Acquisition: On April 24, 2023, we completed the purchase of Coast Mountain Resources (2020) Ltd. (“CMR”) for approximately $26.9 million in cash, subject to certain adjustments. CMR is a construction aggregate producer based in British Columbia, Canada operating on Malahat First Nation land. CMR results are reported in the Materials segment. This acquisition did not have a material impact on our financial statements.
In accordance with the Financial Accounting Standards Board ("FASB") Accounting Standards Codification (“ASC”) Topic 805, Business Combinations, the total purchase price and assumed liabilities were allocated based on their estimated fair values as of April 24, 2023. The tangible assets acquired and liabilities assumed were approximately $29.2 million and $7.1 million, respectively, resulting in acquired goodwill of $4.8 million. The tangible assets balance consists primarily of equipment, vehicles and the right-to-mine which are reported in Property and equipment, net. The estimated allocation is subject to revision during the measurement period, which may result in adjustments to the values presented herein. We expect to finalize these amounts within 12 months from the acquisition date.

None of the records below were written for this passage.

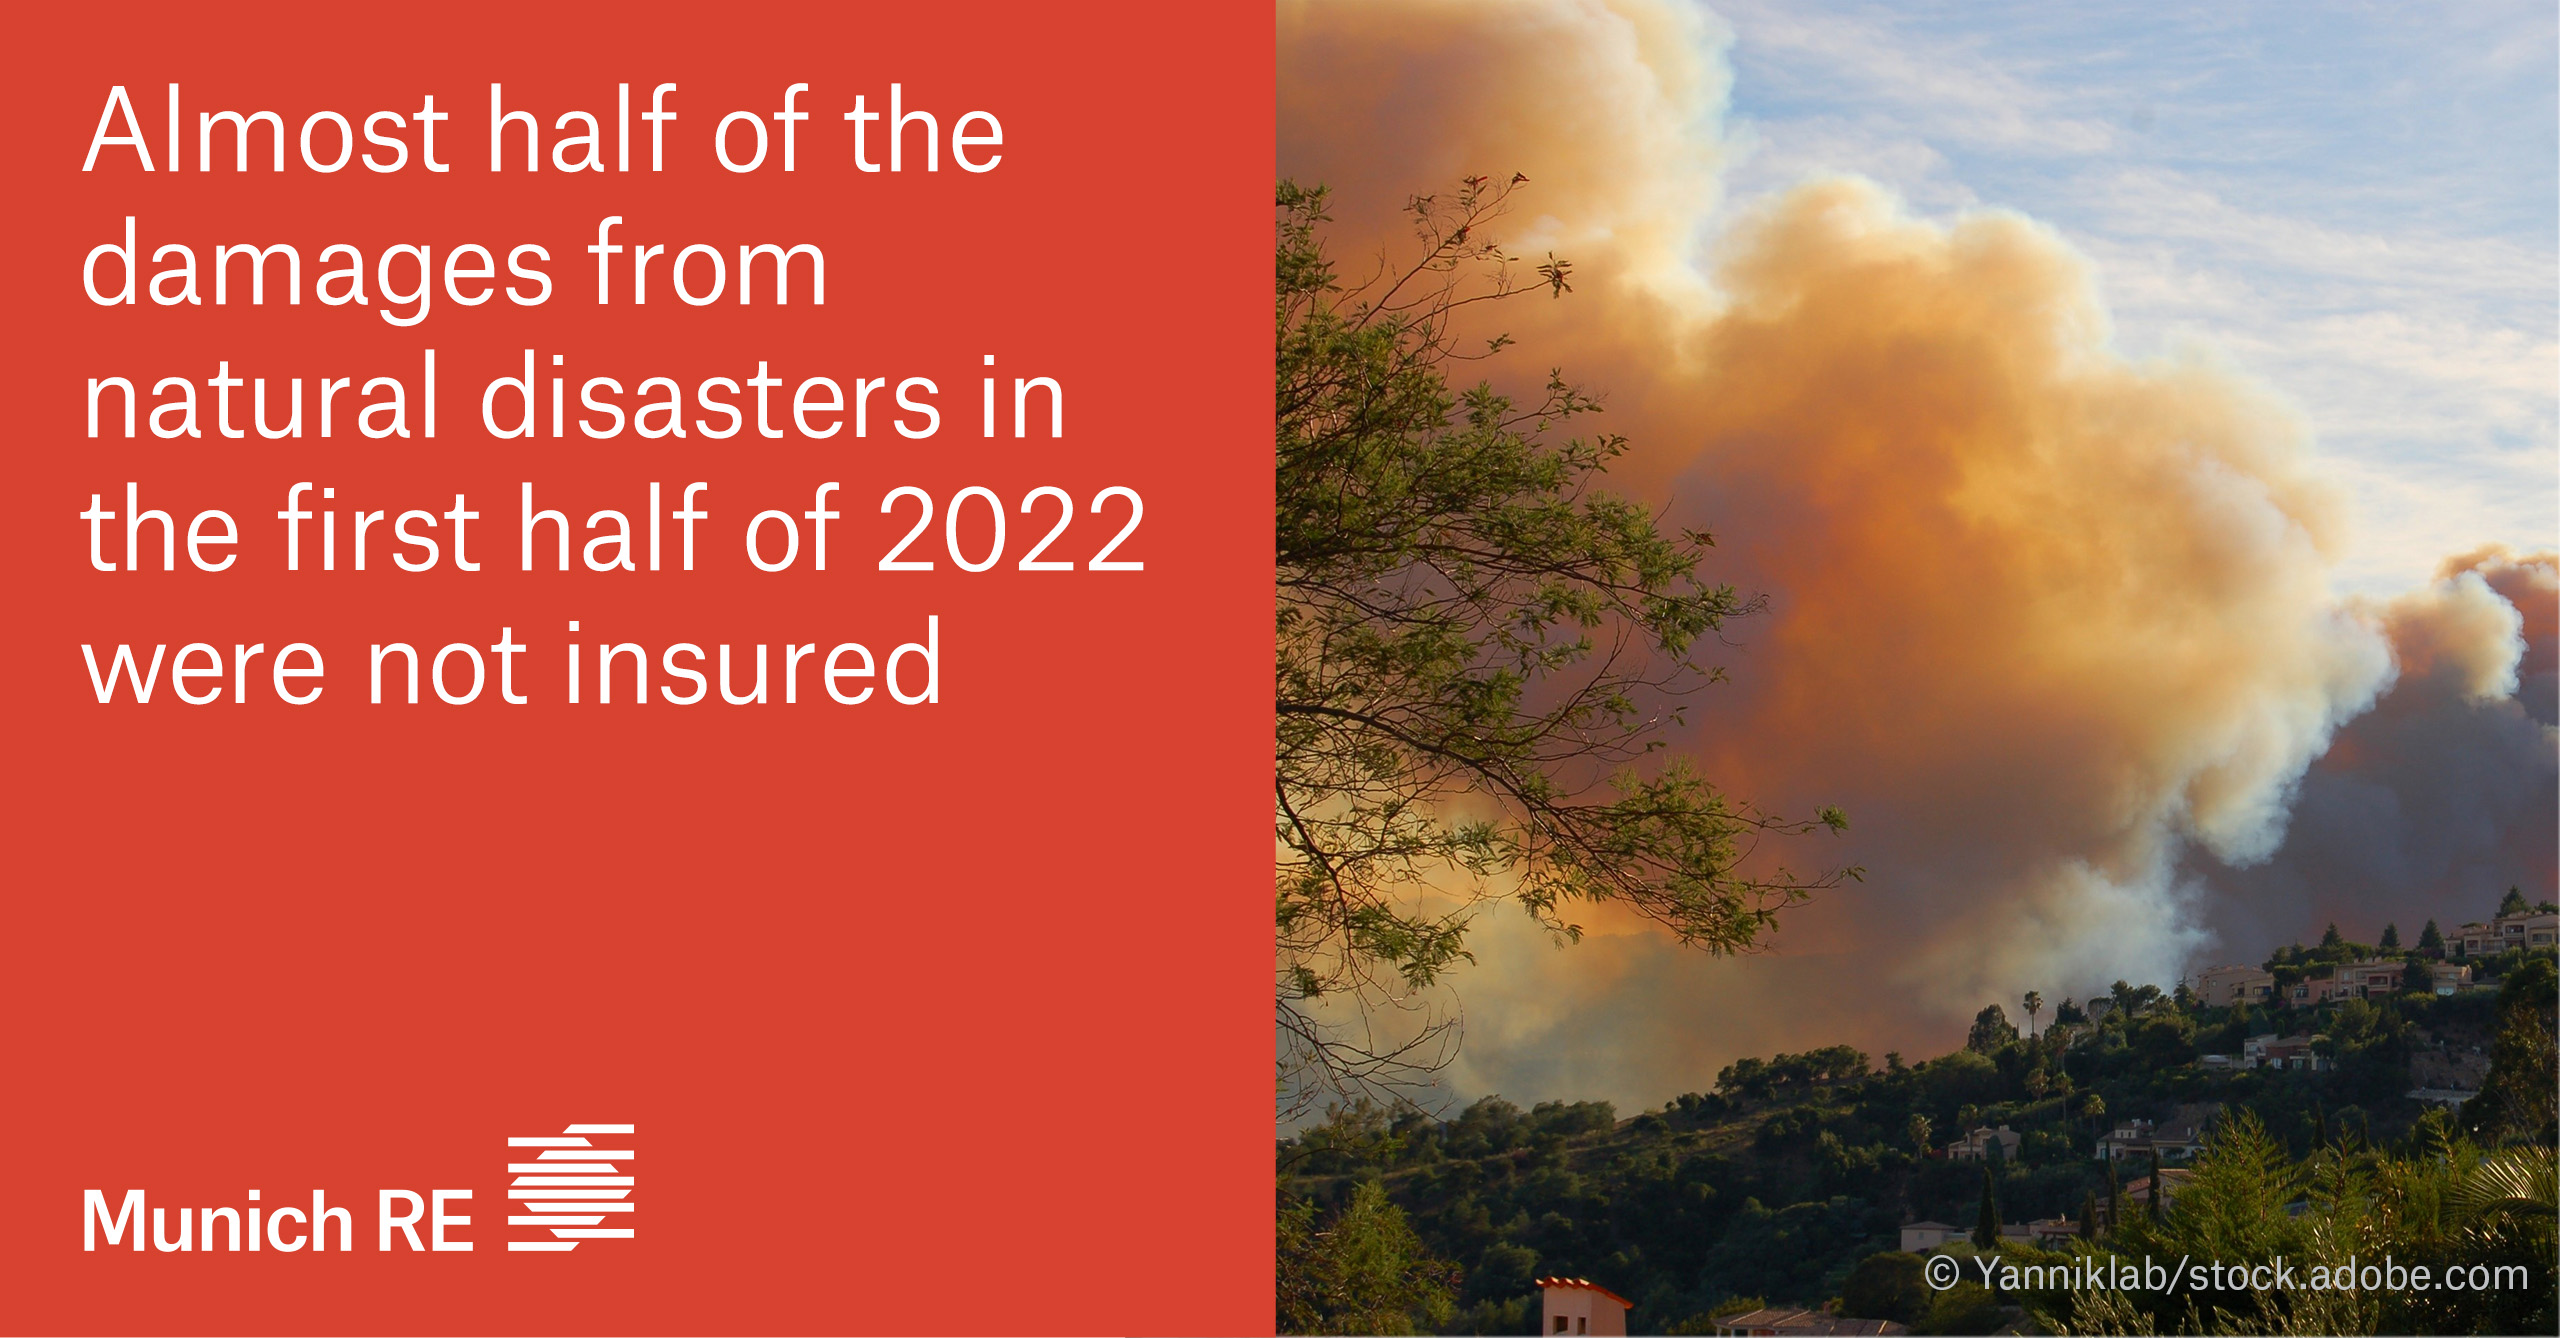 Climate risk: The importance of education, risk mitigation, and insurance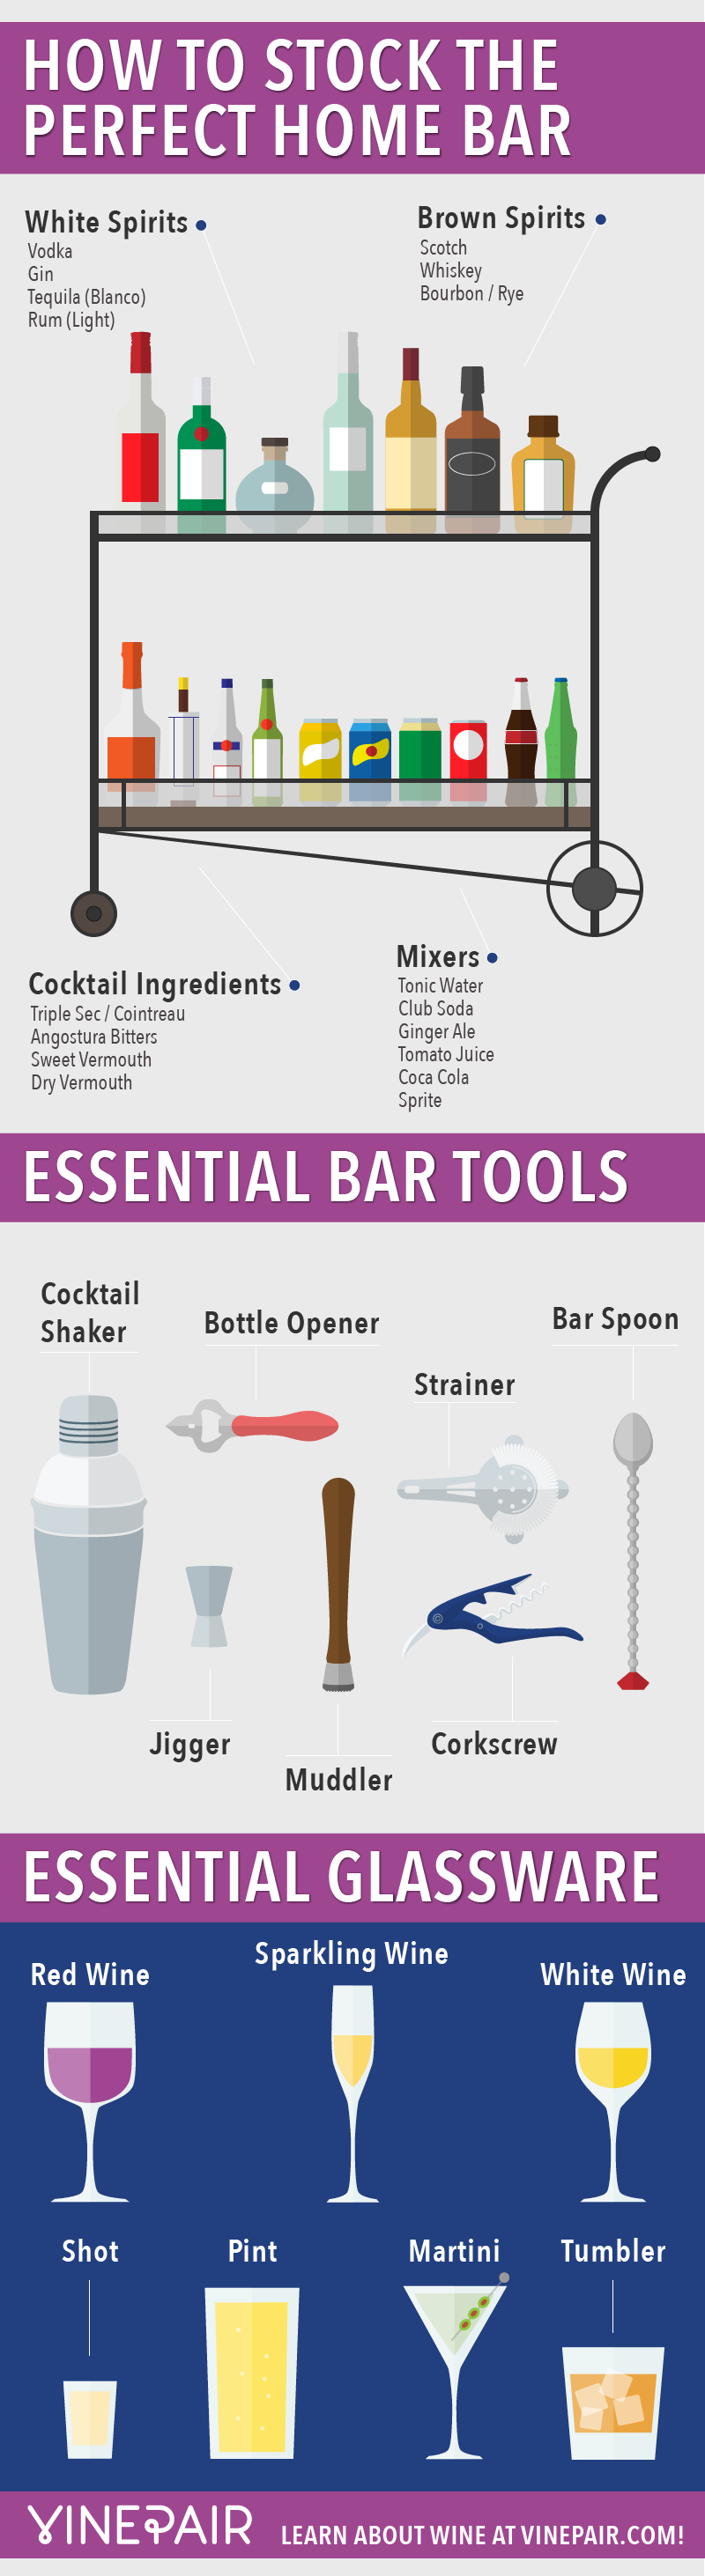 perfect-home-bar-infographic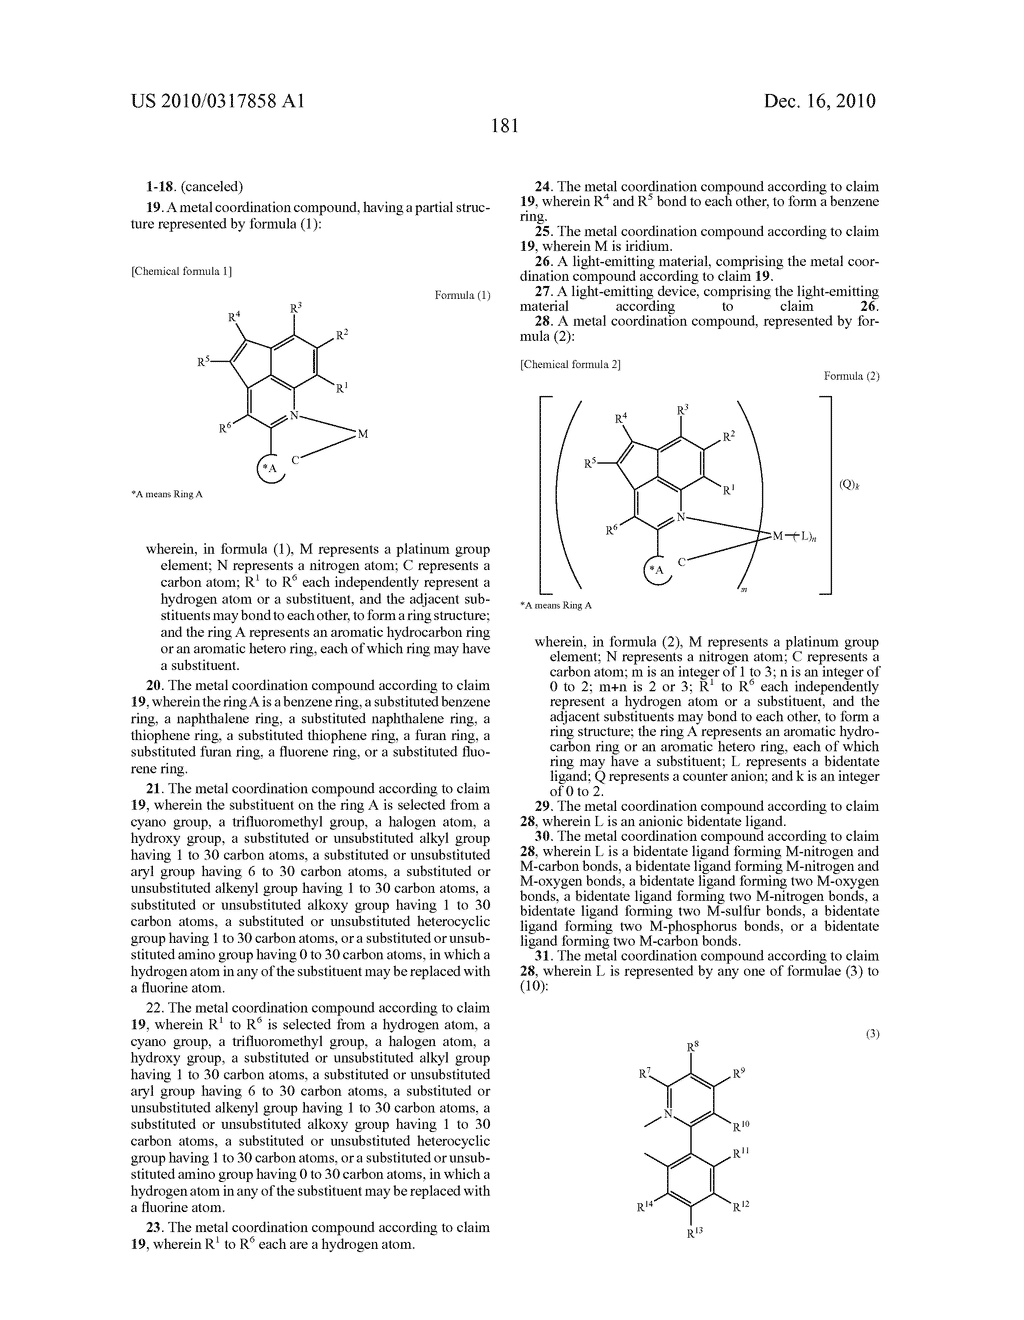 METAL COORDINATION COMPOUND AND LIGHT-EMITTING MATERIAL CONTAINING THE SAME - diagram, schematic, and image 188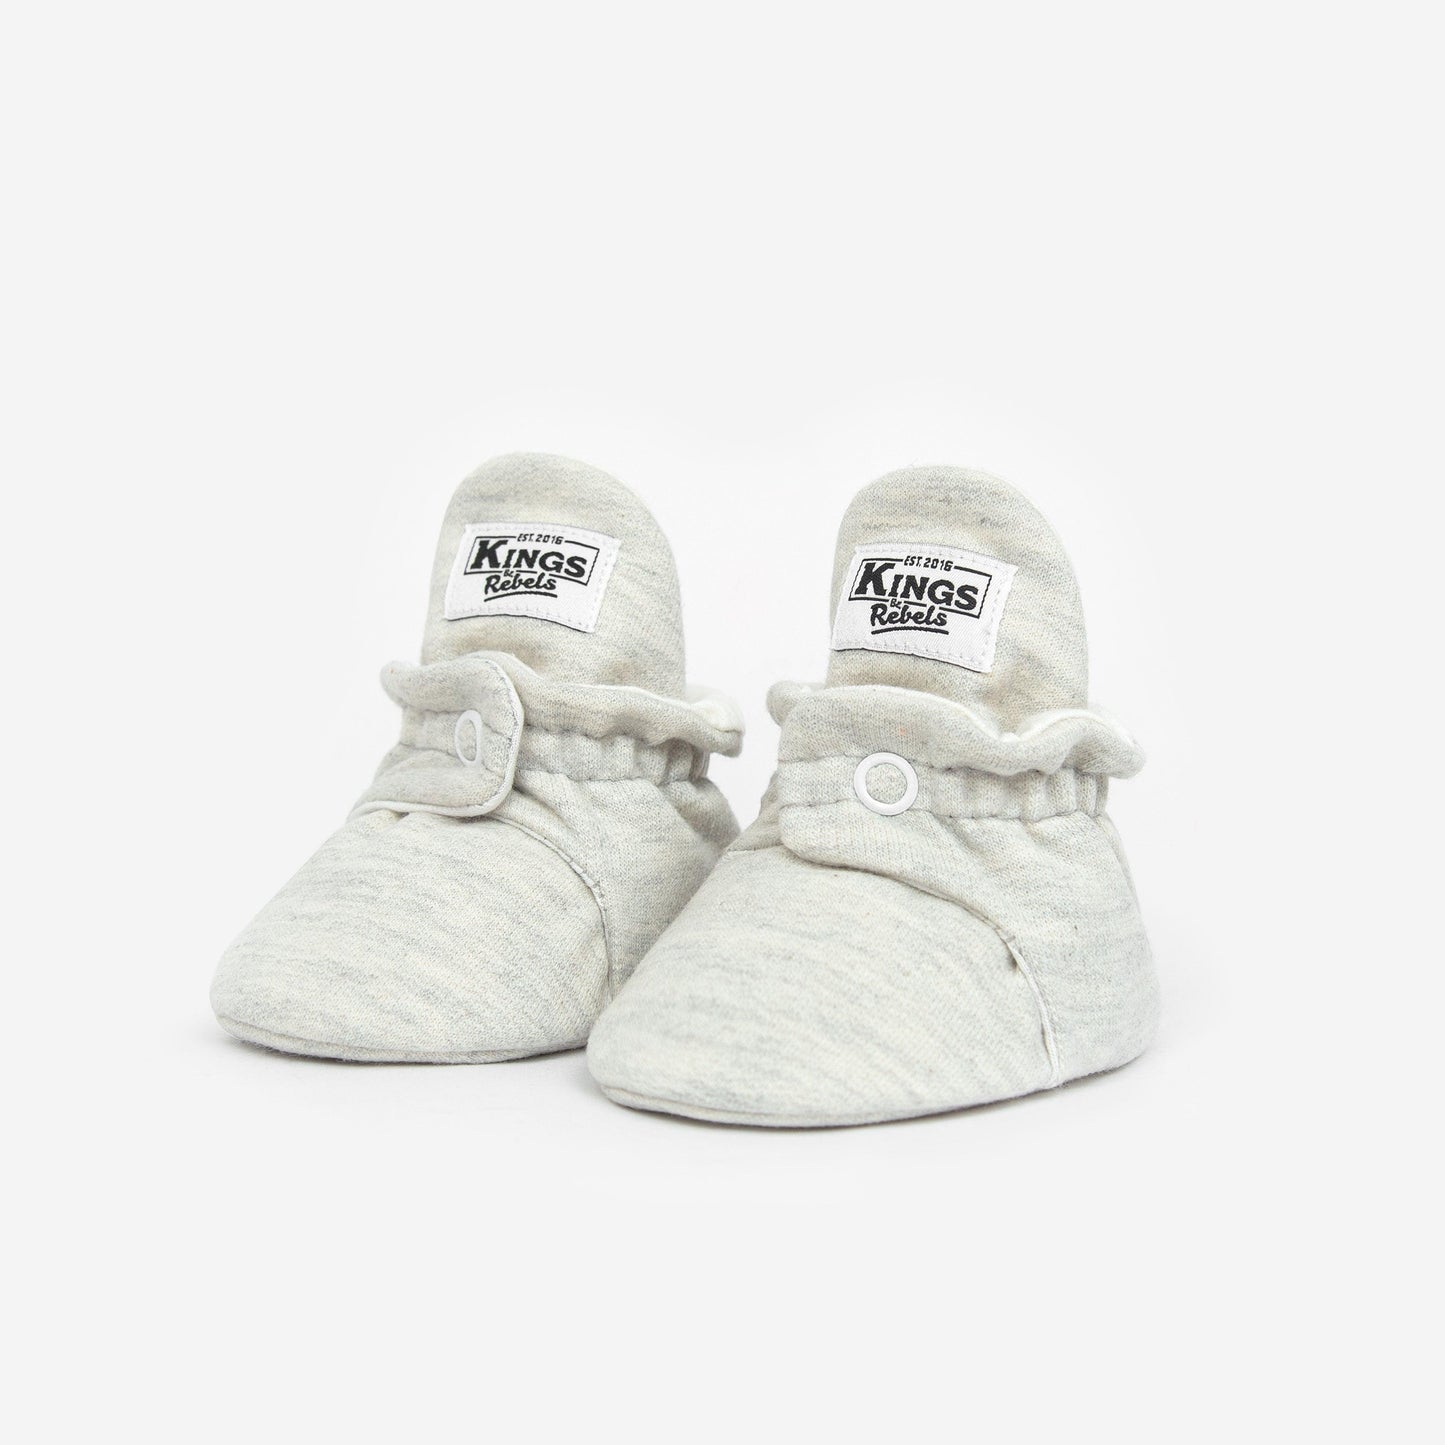 Cotton Booties 'Classic'- Lightgrey - The Little One • Family.Concept.Store.

Impairment charges: During the third quarter of 2023, we made the decision to wind down our international Mineral Services operations. We perform goodwill impairment tests annually as of November 1 and more frequently when events and circumstances occur that indicate a possible impairment of goodwill. In response to this change in the business, we performed an interim goodwill impairment test on the Mountain Group Construction reporting unit, which resulted in a non-cash impairment charge. We also assessed the long-lived tangible assets and amortizable intangible assets associated with these Mineral Services operations. We recorded a total of $4.5 million of non-cash impairment charges during the three and nine months ended September 30, 2023 related to the wind down of international Mineral Services operations, which are included in other costs on our condensed consolidated statement of operations.
Seasonality: Our operations are typically affected more by weather conditions during the first and fourth quarters of our fiscal year which may alter our construction schedules and can create variability in our revenues and profitability. Therefore, the results of operations for the three and nine months ended September 30, 2023 are not necessarily indicative of the results to be expected for the full year.